Рассмотрим, о каких философиях, по мнению Вартенберга, идет речь в фильме "Вечное сияние бесцветного разума". За исключением ярых утилитаристов и деонтологов, единственным фактом, который, по-видимому, сделал дискуссию между этими двумя нормативными этическими теориями (или высшими нормативными принципами) неразрешимой, является то, что ни одна из этих теорий сама по себе не может удовлетворить обычную интуицию относительно того, что является правильным во всех случаях морали. Представьте себе, что Милль и Бентам вместе с Кантом идут на утренний сеанс в кино. Милль и Бентам выбирают фильм "Вечное сияние бесцветного разума". Кант направляется в кинотеатр № 2, чтобы посмотреть повторный показ "Дневника Анны Франк". После окончания фильма они встречаются в фойе. Кант говорит: "Ну, насчет лжи я не совсем верно выразился. Те, кто защищал Анну и ее семью, правильно сделали, что солгали, когда их спросили об их местонахождении. Я должен переписать свои "Grundlegung zur Metaphysik der Sitten" и "Kritik der praktischen Vernunft". Милль и Бентам отвечают: "Нет, нет, на самом деле мы думаем, что вы в чем-то правы. Именно утилитаризм нуждается в серьезной модификации". По мнению Вартенберга, трудно представить, чтобы кто-либо - не говоря уже о Канте, Милле или Бентаме - изменил свое мнение в результате интеллектуальной регистрации киношного контрпримера.
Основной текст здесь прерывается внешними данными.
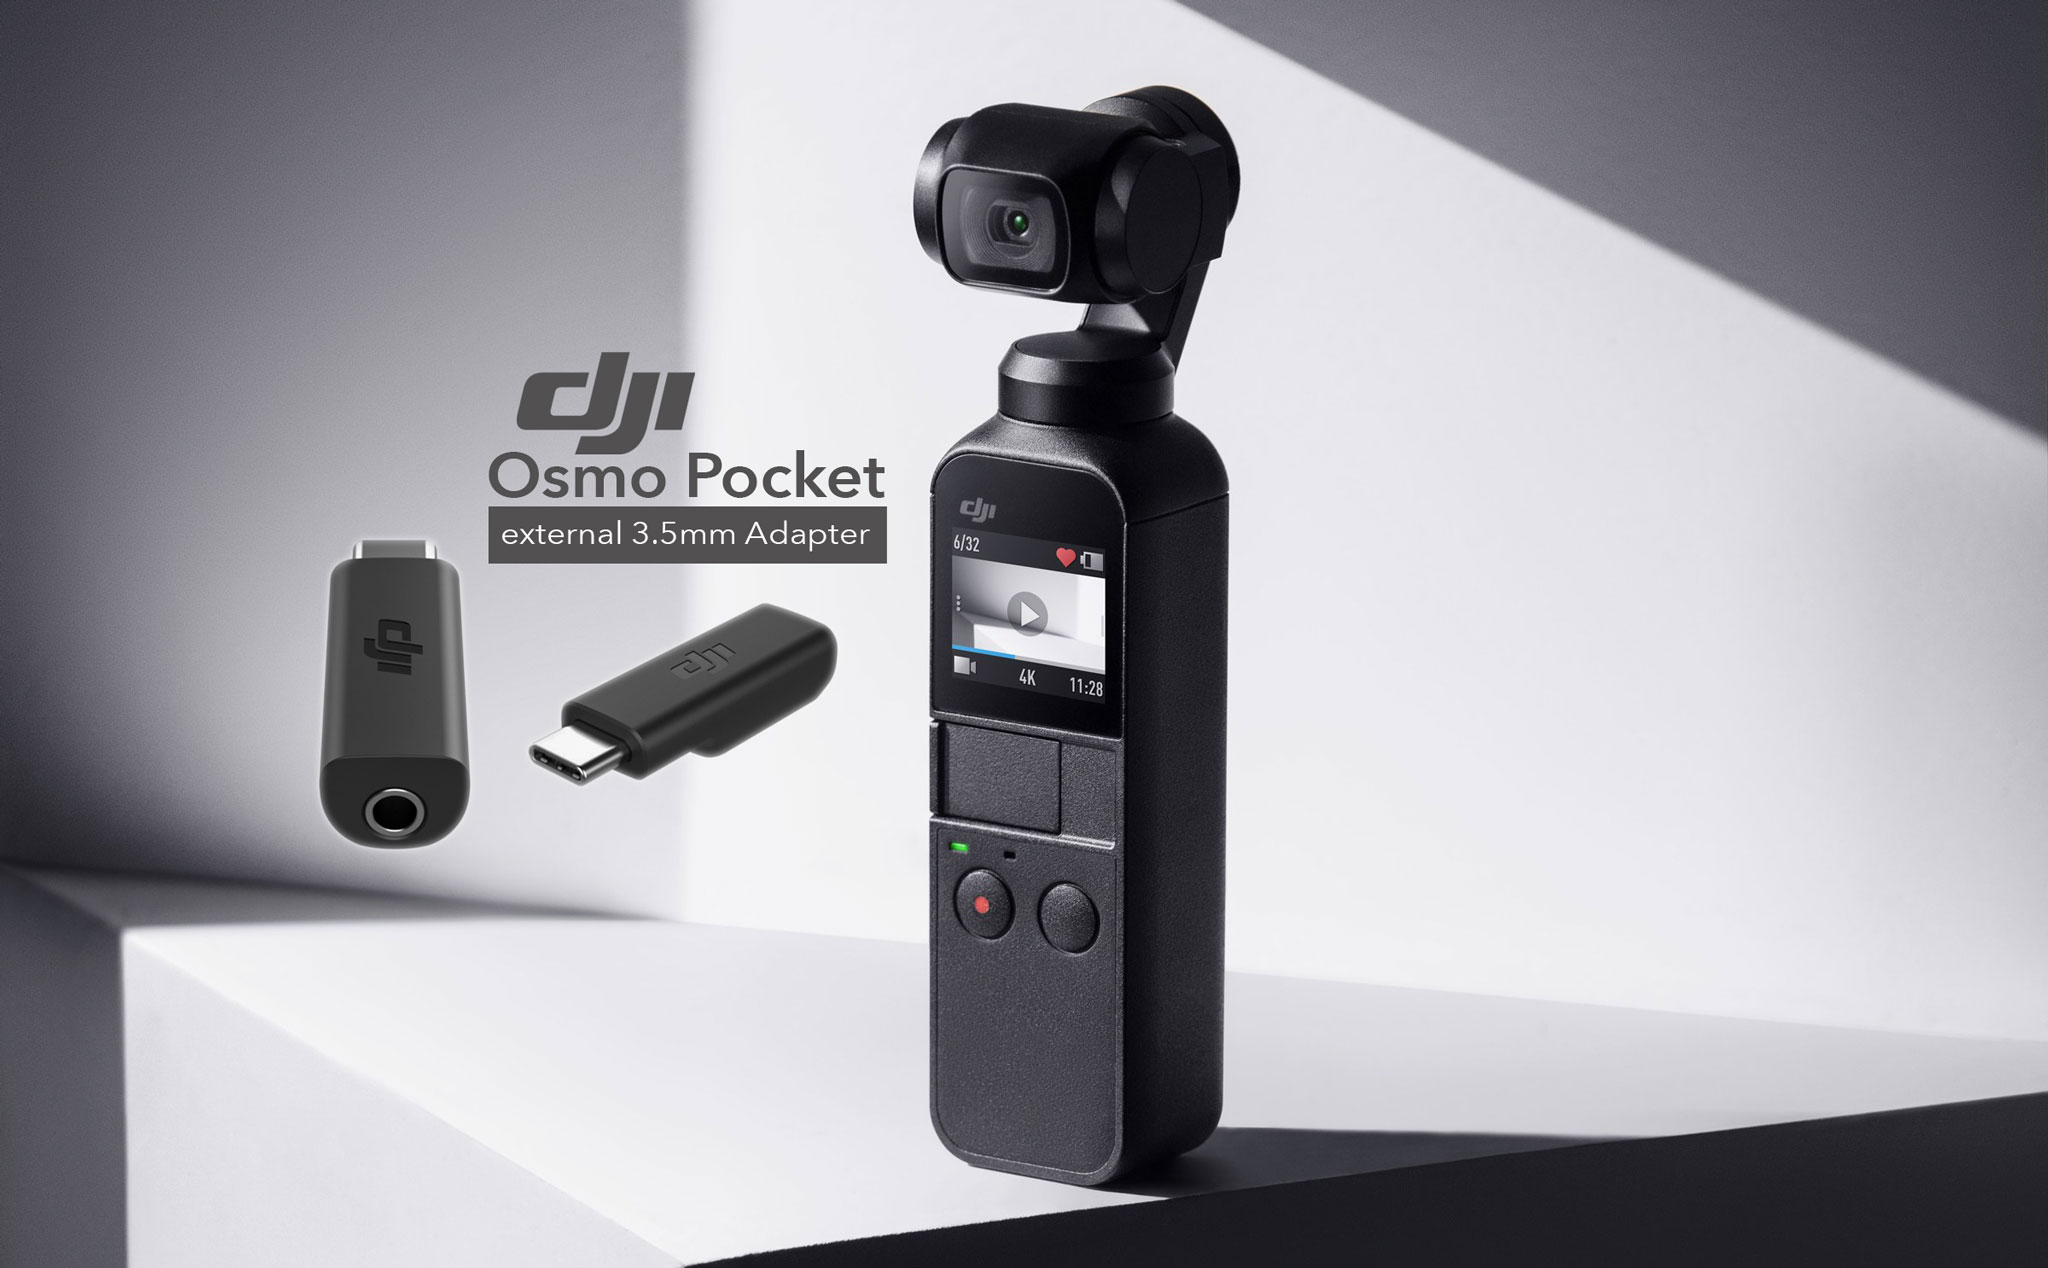 Giải pháp giúp vlogger sử dụng DJI Osmo Pocket gắn được Mic rời để cải thiện âm thanh khi quay video

Контрпримеры будут уточняться в контексте предшествующих интеллектуальных обязательств. Однако некоторые фильмы для некоторых людей в определенное время способны вызвать такую внимательность и эмоциональную проницательность, которая может подорвать прежние обязательства и предположения, даже если они считались интеллектуально и рационально обоснованными. Фильмы могут навязывать нам контрпримеры таким образом, что мы можем лучше понять и оценить их силу и ценность как контрпримеров, что не означает отрицания того, что они могут быть отвергнуты или что иногда они должны быть отвергнуты.
Предположение Вартенберга о примате философии над кино может быть основано на ошибочном представлении о генезисе философских проблем. Он утверждает (2007: 91), что "хотя философские тексты являются истоками многих идей, теорий и положений, они обретают собственную жизнь в культуре". Однако не всегда и даже не очень часто источником идей являются философские тексты, а культура. Именно в философских текстах, а не в культуре, "многие идеи, теории и положения" обретают свою жизнь. За пределами узкой сферы профессиональной философии философия не является собственным источником. Философский поиск порождается устойчивым и целенаправленным чувством удивления, вовлеченности и недоумения по поводу прожитой жизни - как своей собственной, так и всех остальных.